Коротко подстриженный, чисто одетый тайстовский идеальный тип прекрасно понимал советский милитаризм и прогрессивную внешнюю и внутреннюю политику СССР, поддерживал его идеалы и классическую культуру, понимал политику цензуры и ограничения свободы слова, но ужасался подобным же вещам, которые были связаны с прошлым своей страны. Причина этого была понятна: «формально» они казались одинаковыми, но «по сути» были противоположными.
Тайстовская молодежь уничтожала зло из своей среды, проецируя ее на всю абстрактную «буржуазию», в какой бы стране и когда бы оно ни проявлялось. Сама же она во многих случаях опасно напоминала буржуазию и осознавала это. От ее грехов легко было избавиться, отождествившись с рабочим классом, конкретно — с его сознательным передовым отрядом. Этот фокус удался Ленину и мог быть легко повторен.
Классовая политика была хороша своей простотой. Нужно было быть лишь достаточно классовым, что означало то, что надо было действовать по возможности решительно по отношению к идеологическому противнику.
Нет такого большого зла, которое не стало бы донором, служа классу: жадность, мстительность, зависть, ненависть, жестокость, почему бы и не распутство, лень и трусость? Сами по себе эти качества не служили великому делу больше других, но что в этом мире не было «само по себе» совершенно ничем? Все было относительным и должно было быть соотнесено с Классом и его всемирно-историческим маршем, который в Финляндии происходил под руководством покойного Куусинена.
Так называемый квазирелигиозный характер тайстовства был ясен каждому, кто имел возможность лицезреть его.

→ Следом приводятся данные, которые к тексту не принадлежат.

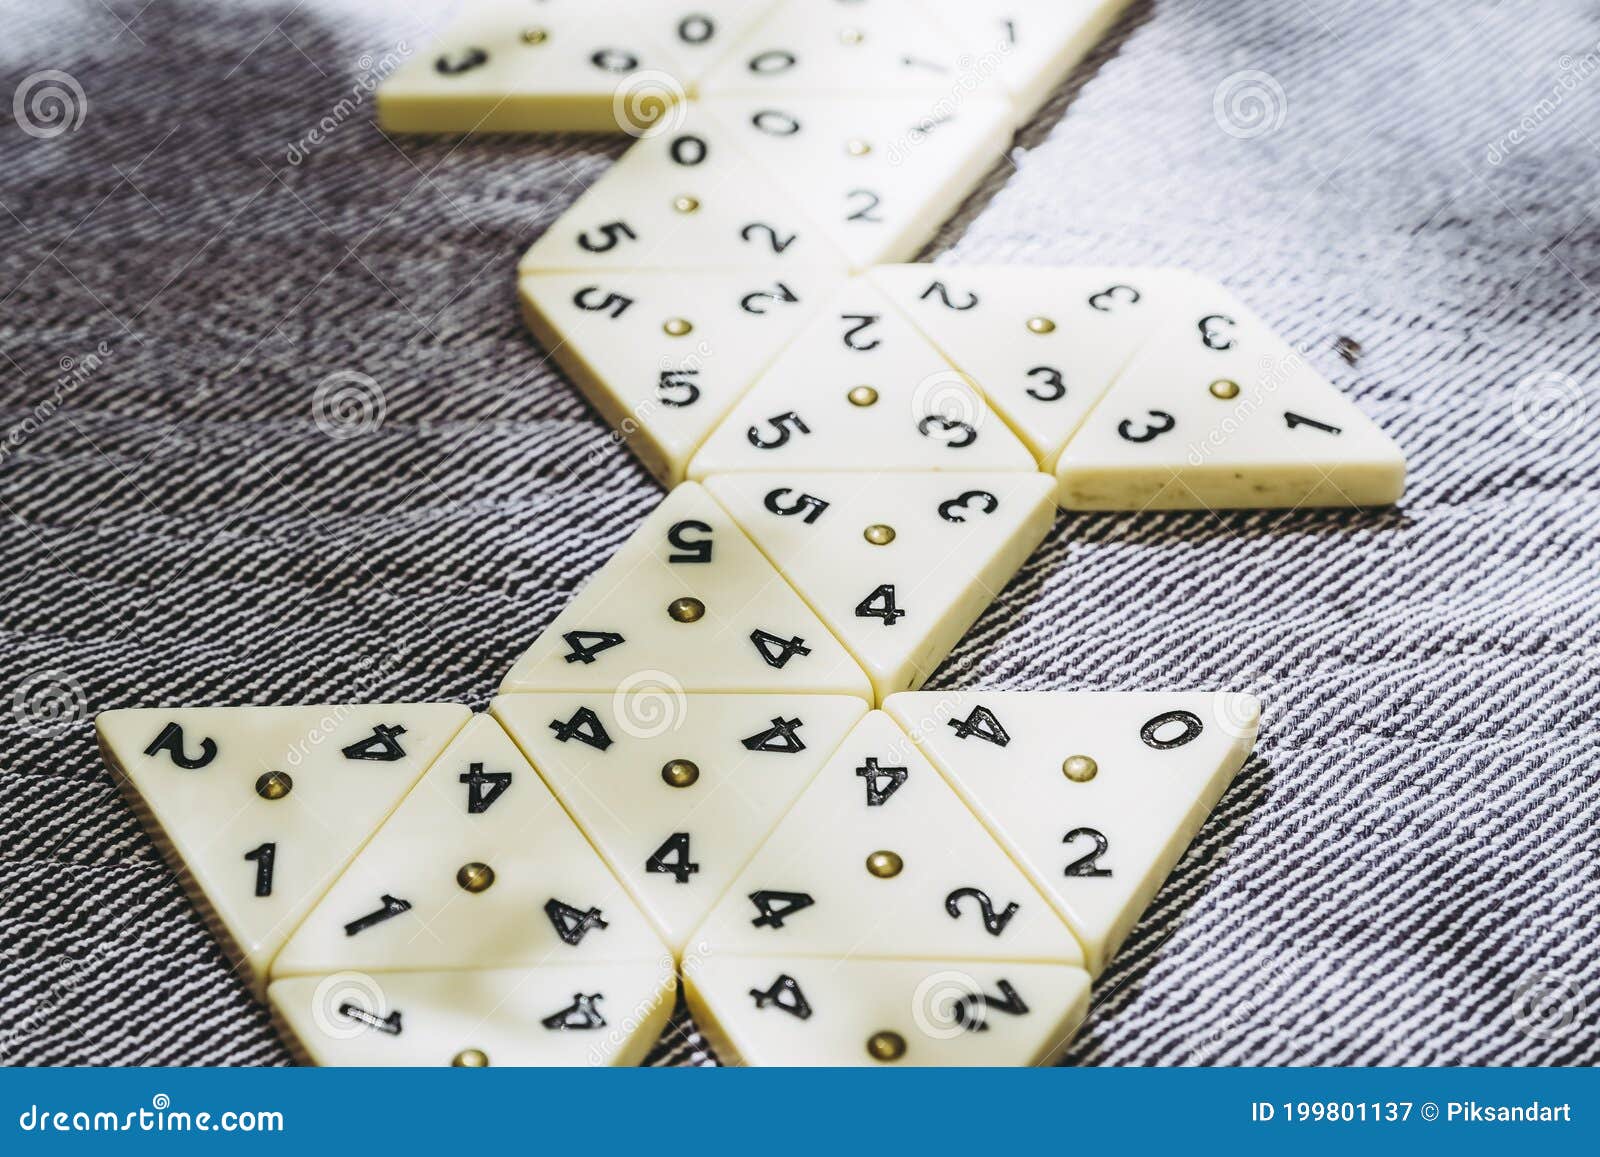 Strategy Game With Triangle Shaped Pieces And Numbers To Line Up Stock Image Image Of Draw Holiday
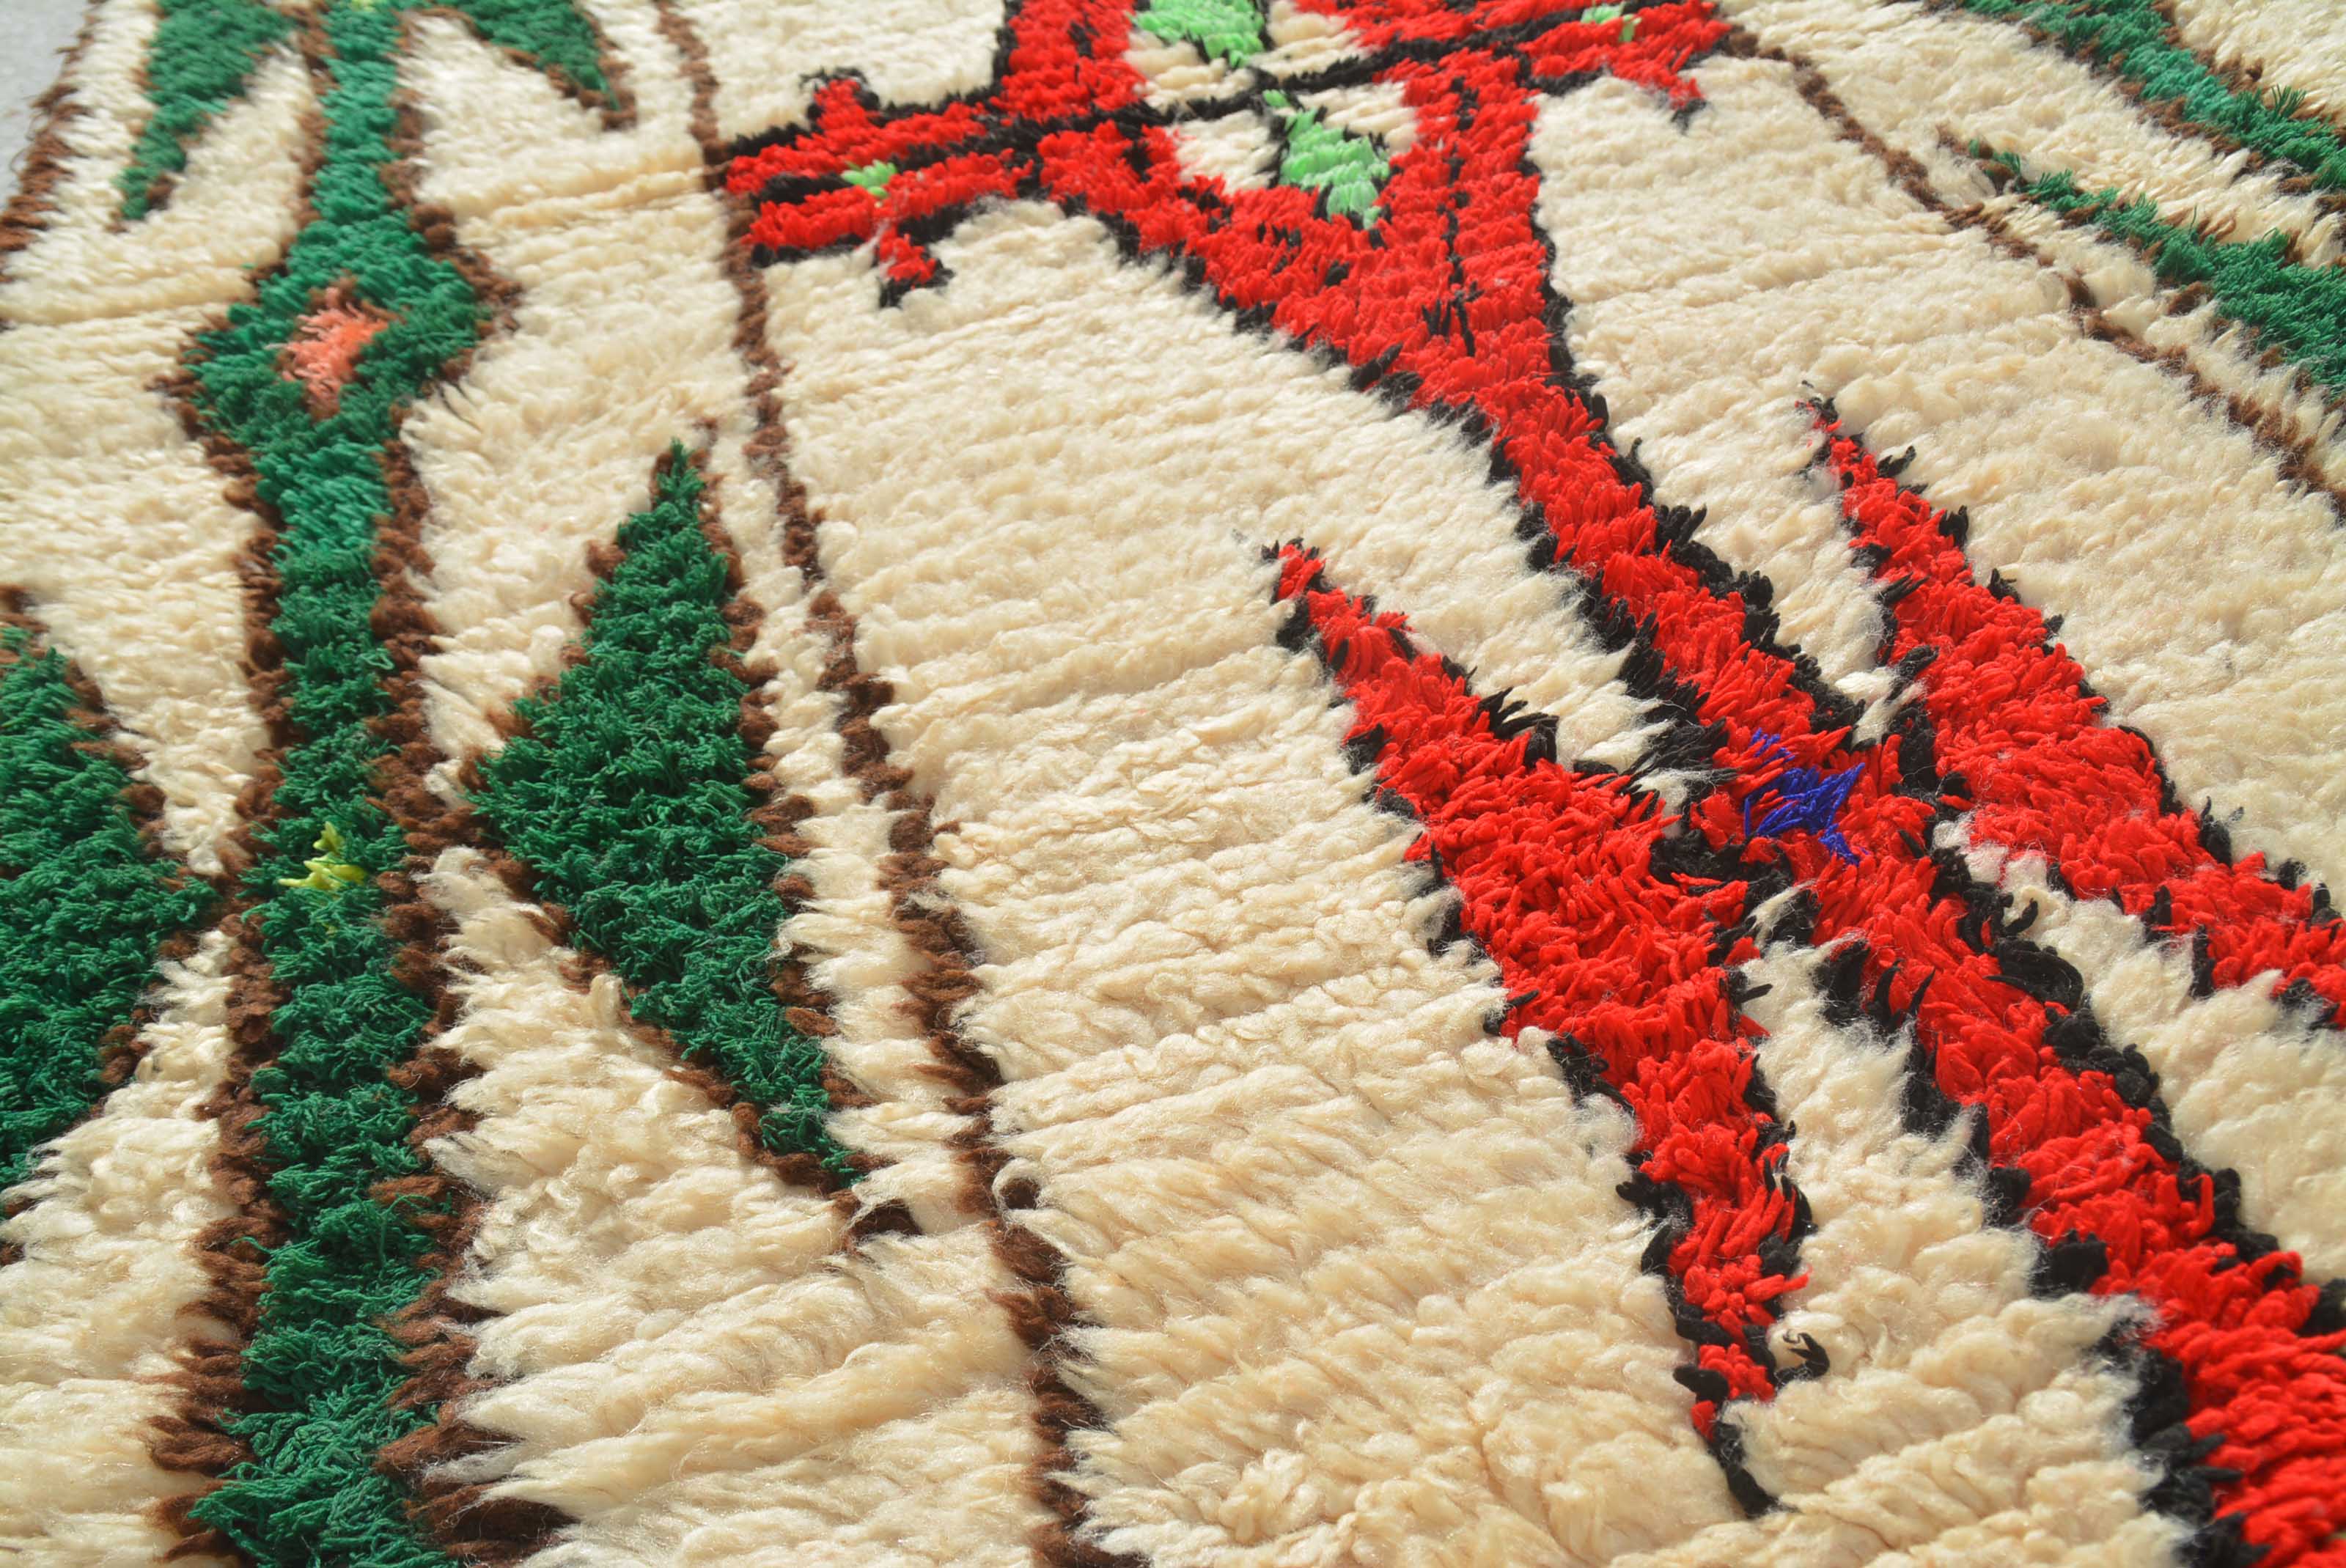 Vintage Moroccan Rug Red And Green Rug | Vintage Moroccan Rug illuminate collective

Уместно спросить: разве это не было ответом на те проблемы, решать которые общество и школа предлагали на основе финской религии, возникшей на основе катехизиса Лютера?
Примирение с Россией (под которой подразумевался Советский Союз) во внутренней политике означало интеграцию коммунистов с обществом.
Это произошло в соответствии с дарендорфскими общественными теориями88, в которых Кекконен хорошо разбирался. Теперь, когда коммунисты ассимилировались в обществе, когда они несли ответственность вплоть до правительства, их уже нельзя было использовать для олицетвотрения зла. Они больше не были «рюсся», а русских уже нельзя было дъяволи-зировать, а буржуазия, выступая в качестве партнера, больше не могла олицетворять для коммунистов то абсолютное зло, уничтожение которого означало бы конец всего зла в мире.
Это был тот путь спокойного мелкобуржуазного развития, который все время представляла таннеровская социал-демократия. Марта
Салмела-Ярвинен89 не зря назвала свою вышедшую в 1960-х гг. книгу своих воспоминаний «Мы все не безгрешны». Для того времени это было довольно смело и хлестко.
Ристо Алапуро отметил, что как в 1930-х, так и в 1970-х гг. общественное развитие и студенческое движение шли в противоположных направлениях.
В 1920-х гг. студенческая молодежь стремилась к (или во всяком случае, проповедовала стремление) к интеграции рабочего класса с обществом. Когда же в 1930-х гг. это осуществилось, то та же самая студенческая молодежь выступила против.
В 1960-х гг. студенты поддержали интеграцию коммунистов в общество, но когда их большая часть стала интегрироваться в общество, то тайстовцы яростно выступили против этого.
Студенческая молодежь была заинтересована не в том, чтобы сделать общество лучше, а в том, чтобы сделать его совершенным. Мнимое «лучшее» всегда является врагом реального хорошего.
По подобной схеме развивался молодежный радикализм на Западе, но Финляндия шла своим путем. Как отметил Ристо Алапуро, во Франции и в Италии, как и в Финляндии, была сильная коммунистическая партия. В этих странах была своя студенческая революция. В Финляндии коммунисты и студенты нашли друг друга, а во Франции нет. Разница, как считает Алапуро, заключается в том, что в Финляндии 1960-е гг. были для многих анализом травмы 1918 г. Мы можем согласиться с этим и добавить, что упомянутая травма и своеобразное отношение Финляндии к России влияли на историю Финляндии с начала независимости и придавали ей свои специфические черты.
Однако далеко не все были готовы объявить о своей неполноценности и довольствоваться такой ролью. Для сталинизма, а вслед за ним и для тайстовства признания Марты Салмела-Ярвинен в том, что все «не без греха», было как красная тряпка, как пощечина самым святым истинам марксизма-ленинизма.
88
Ссылка на теорию немецко-английского социолога Ральфа Дарендорфа об урегулировании общественных противоречий.